To summarise, let \(\mathfrak{S}\) be a finite-dimensional quantum system, and let \(\mathcal{O}_{S}\) be a non-empty subset of \(\mathcal{O}\). A state-updating deterministic underlying-state model for \(\mathcal{O}_{S}\) consists of a measurable space \(\boldsymbol{\Lambda} \equiv (\Lambda,\mathcal{A})\), a mapping \(\Psi\) assigning pure states of \(\mathfrak{S}\) to probability measures on \(\boldsymbol{\Lambda}\), and a mapping \(\Phi\) assigning observables in \(\mathcal{O}_{S}\) to measurable functions on \(\boldsymbol{\Lambda}\), such that, for each observable \(\hat{A} \in \mathcal{O}_{S}\), value \(\alpha\in \sigma(\hat{A})\), and pure state \(\psi\), Eqs. 5 and 8 are satisfied. This means that the distribution of \(\hat{A}\) w.r.t. \(\psi\) is that of the random variable \(f_{\hat{A}}\equiv \Phi(\hat{A})\) in the probability space defined by \(\mu_{\psi} \equiv \Psi(\psi)\) (Eq. 5 ), and that Lüders’ rule translates to \(\boldsymbol{\Lambda}\) as conditional probability, as encapsulated by the following commutative diagram
(as before, \(\tau_{[\hat{A} = \alpha]}\) denotes the mapping that conditions each probability measure \(\mu:\mathcal{A} \rightarrow[0,1]\)) on \(\Omega(\hat{A}=\alpha)\).

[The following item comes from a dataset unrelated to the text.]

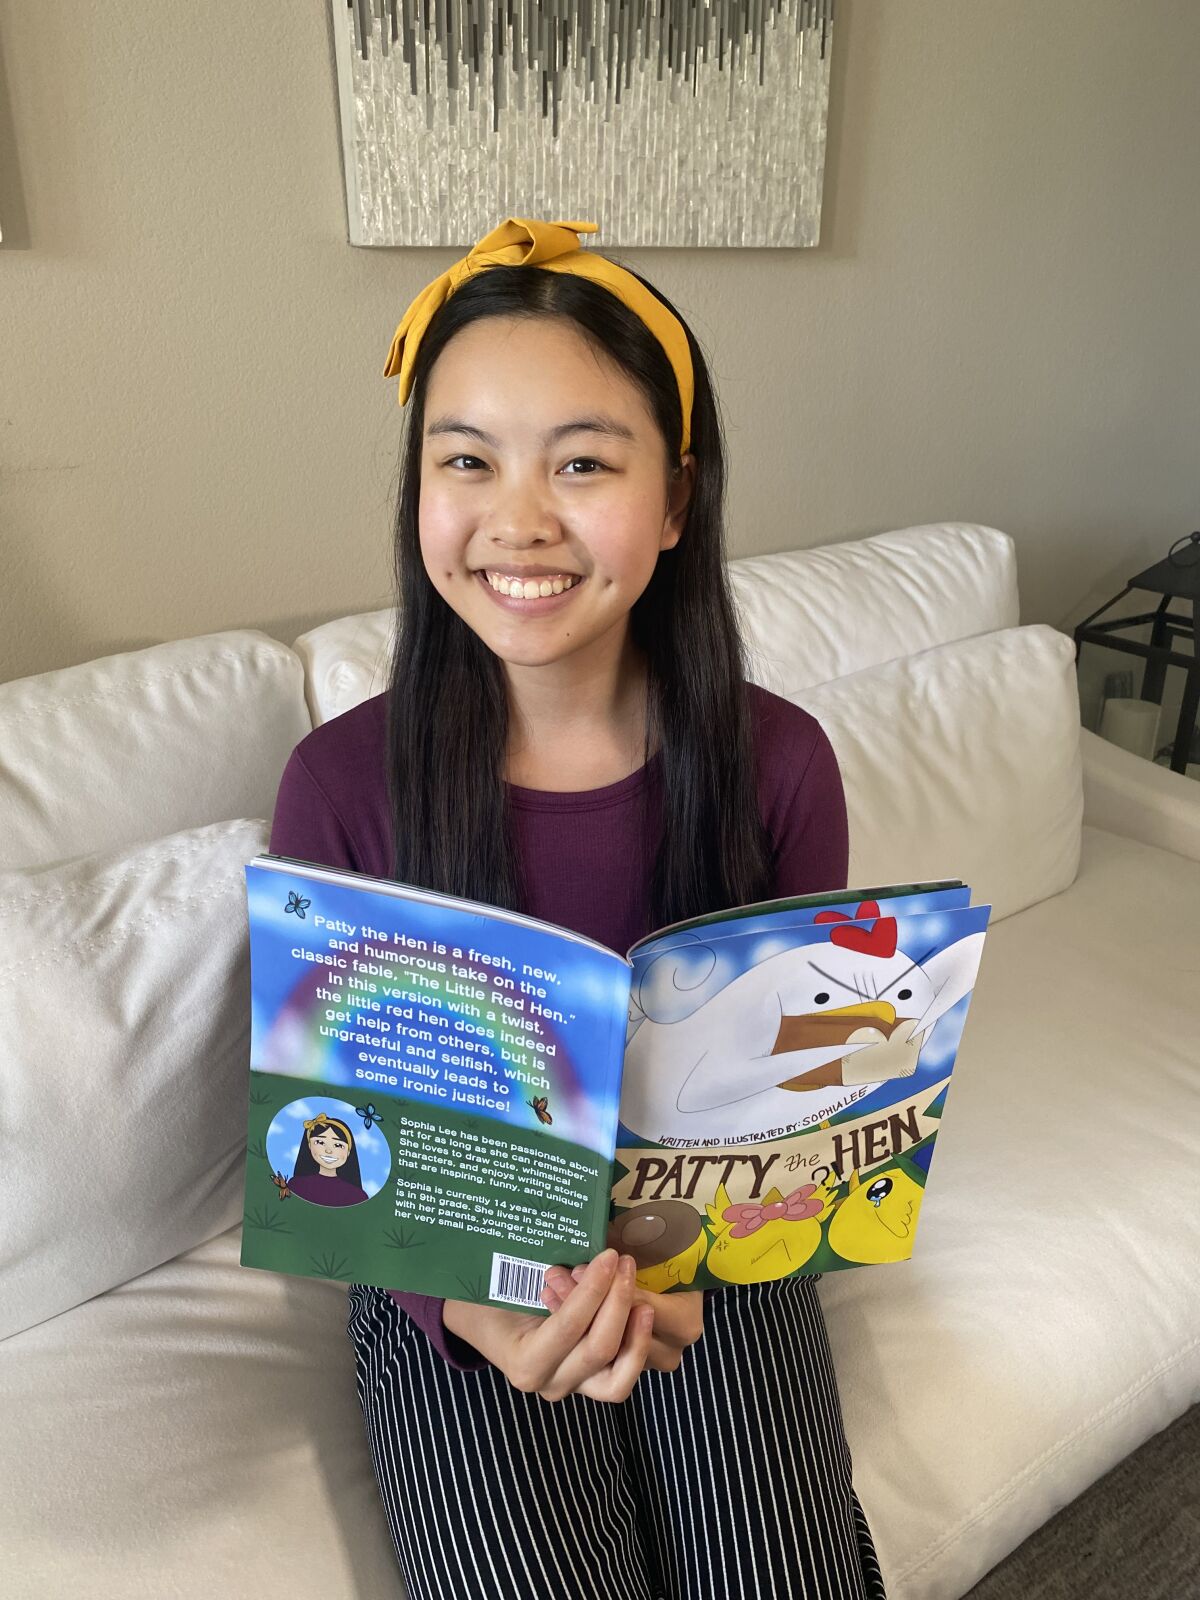 Sophia Lee recently published a children's book called "Patty the Hen."

When \(\mathcal{O}_{S}\) contains all observables of \(\mathfrak{S}\), we say that \(\mathfrak{M} \equiv (\boldsymbol{\Lambda},\Phi,\Psi)\) is a model for the system \(\mathfrak{S}\).
We define an underlying-state model for a set of observables \(\mathcal{O}_{S}\), and not only for the entire system \(\mathfrak{S}\), for practical reasons. The subscript \(S\) stands for “scenario” and is motivated by the concept of a “measurement scenario”, which appears in operational approaches to quantum foundations [18], [19], [34].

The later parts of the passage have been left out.